>
> I don't understand the value of MultilabelledVector
>
> Currently I am planning a pure M/R Trainer. Having a Labelled/Multilablled
vector means, I will be able to store the label as an int. I can pass in the
list of labels as a parameter and use the items in order to generate the
label ids.
> I will now modify the DictionaryVectorizer to output the sub directory
> chain
> > as a label.
> >
>
> If DictionaryVectorizer is 20 newsgroup specific, then that is OK. In
> general, there will be too many documents
> to store one per file and it may be difficult to segregate data into one
> category per directory.
>
> SequenceFileFromDirectory will create text sequence files with name as
> > "./Subdir1/Subdir2/file"
> > DictionaryVectorizer will run an extra job which takes the named vectors
> it
> > generates, and makes labelled vectors from them.
> >
>
> I can't have an opinion here.
>
Re: to both
Yes. So I will drop this preprocessing. Let the user write their own
preprocessing. But to complete an end to end example from a directory of
documents(a.k.a 20newsgroups) . I will write the preprocessing as an MR in
examples.
>
> >
> > The questions is the handling of the LabelDictionary. This is a messy way
> > of
> > handling this.
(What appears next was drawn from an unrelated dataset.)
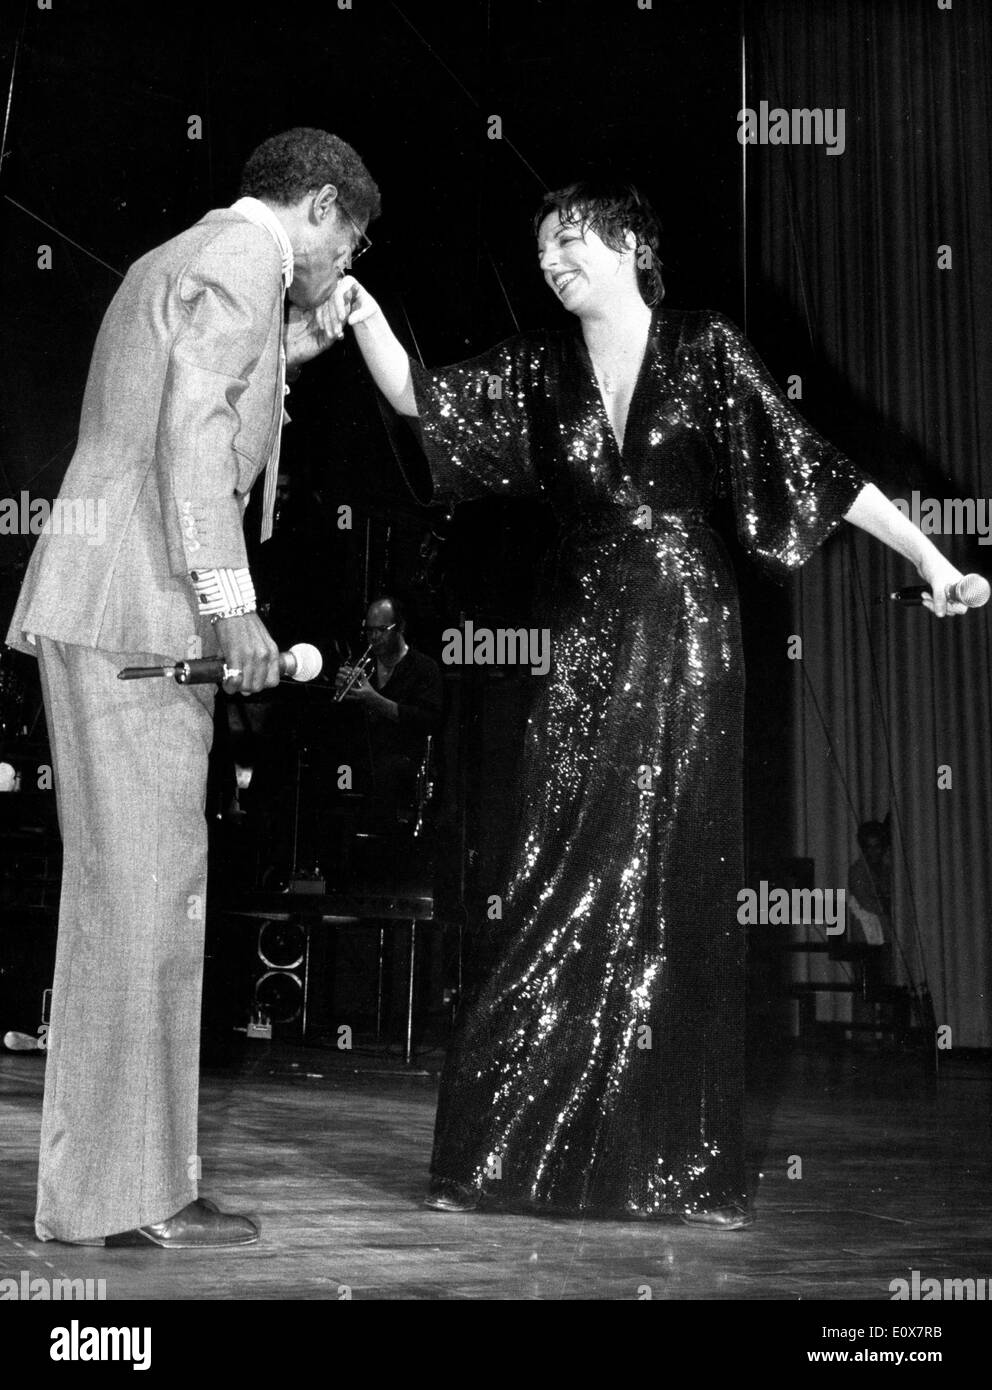 Sammy Davis Jr. with Liza Minnelli during a performance Stock Photo

Other way is to let naivebayes read data as NamedVectors
> and
> > take care of tokenizing and extracting the label from the name (two
> choices
> >
>
> My big questions center about how this might be used in a production
> setting. In that case, the assumption
> of input in files breaks down because the user will probably have their own
> intricate input setup. If we assume
> that the input will be in the form of hashed feature vectors, then the
> following outline seems reasonable to me:
>
> algorithm = new NaiveBayes(...)
>
> for all training examples {
> int actual = target variable value
> Vector features = vectorize example
> algorithm.train(actual, features) // secretly save vector as
> appropriate
> }
>
This isnt scalable. Single process writing files to cluster. There could be
many ways of forming the input data.
1) like above
2) user writes an M/R over their input data format, writes the data in the
required input format i.e. tf-vectors or sequence file of text. The tfidf
job will then execute over this(either from tf vectors or from text). to
create the tfidf vectors, then Bayes trainer will execute using this. The
classifier will use the dictionary to map strings to ids and uses dot
product to classify
3) User writes an M/R over their input data format, uses Hashed Encoders to
create vectors. Bayes Trainer executes over the generated file. HashEncoders
are initialized in the classifier in the exact same way and classifier
classifies
Robin